# Roadmap Reveals Possible Windows 8 Launch Date



## Jordster (May 14, 2008)

I found this while Googling for Windows 8. It's pretty interesting!

http://windows8center.com/uncategorized/roadmap-reveals-possible-windows-8-launch-date/

Also applies to Windows Server 2008. But what I find really interesting is that they label Windows 8 as a 'Major Release' as to Windows 7 as a 'Major Update'


----------



## ozziebeanie (Jun 24, 2009)

Jordster said:


> I found this while Googling for Windows 8. It's pretty interesting!
> 
> http://windows8center.com/uncategorized/roadmap-reveals-possible-windows-8-launch-date/
> 
> Also applies to Windows Server 2008. But what I find really interesting is that they label Windows 8 as a 'Major Release' as to Windows 7 as a 'Major Update'


Man i am still using XP Pro on all but one of my computers, how do you keep up, knew about Windows server 2008 but Windows 8 the OS and I have not even looked at Windows 7 yet


----------



## Jordster (May 14, 2008)

As if you havn't!

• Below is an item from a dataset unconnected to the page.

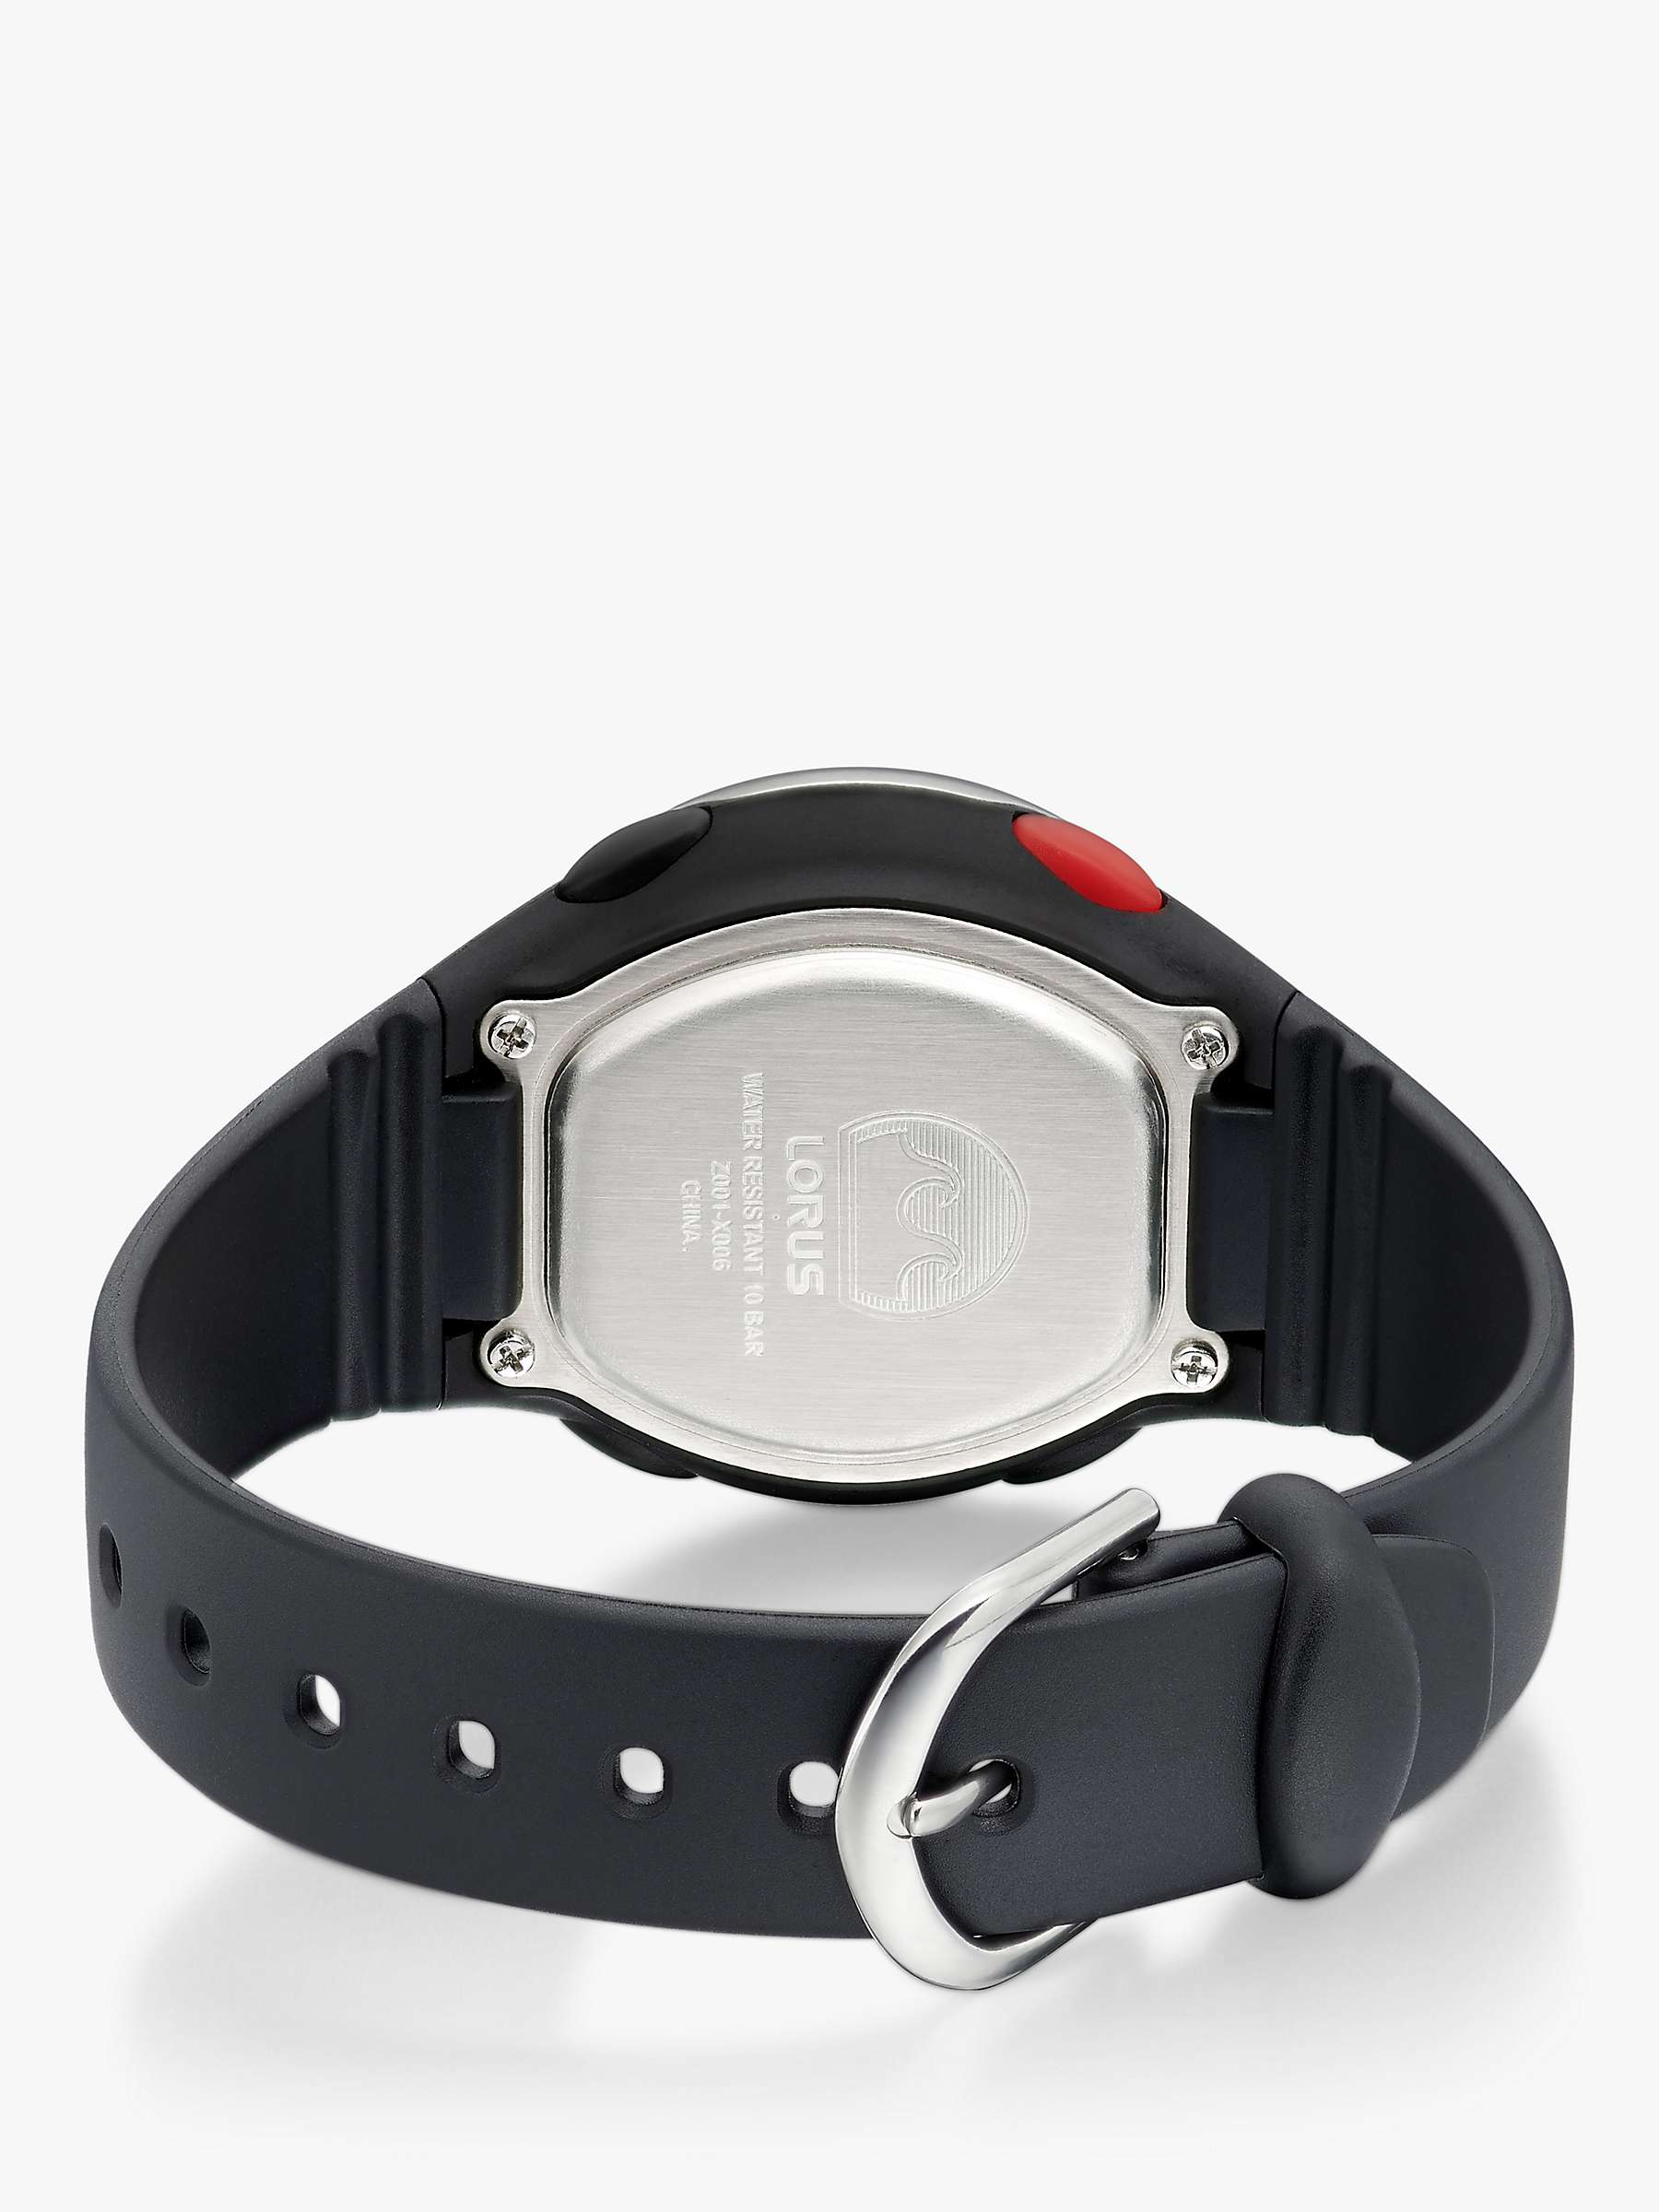 Buy Lorus Unisex Digital Silicone Strap Watch Online at johnlewis.com

It's awesome! Running Win 7 RTM x64 now.


----------



## ozziebeanie (Jun 24, 2009)

I have not even seen 7 yet, with my other computers packed away till i know where i will be permanently. I don't want to muck about with the one computer I have access to by changing things, just want to keep it as it is, so I can communicate for now, am itching at the bit to load it on one of my computers to try it out.


----------



## JohnWill (Oct 19, 2002)

Server 8 is the Vista based Windows Server. There will be a new server based on the Windows 8 core.


----------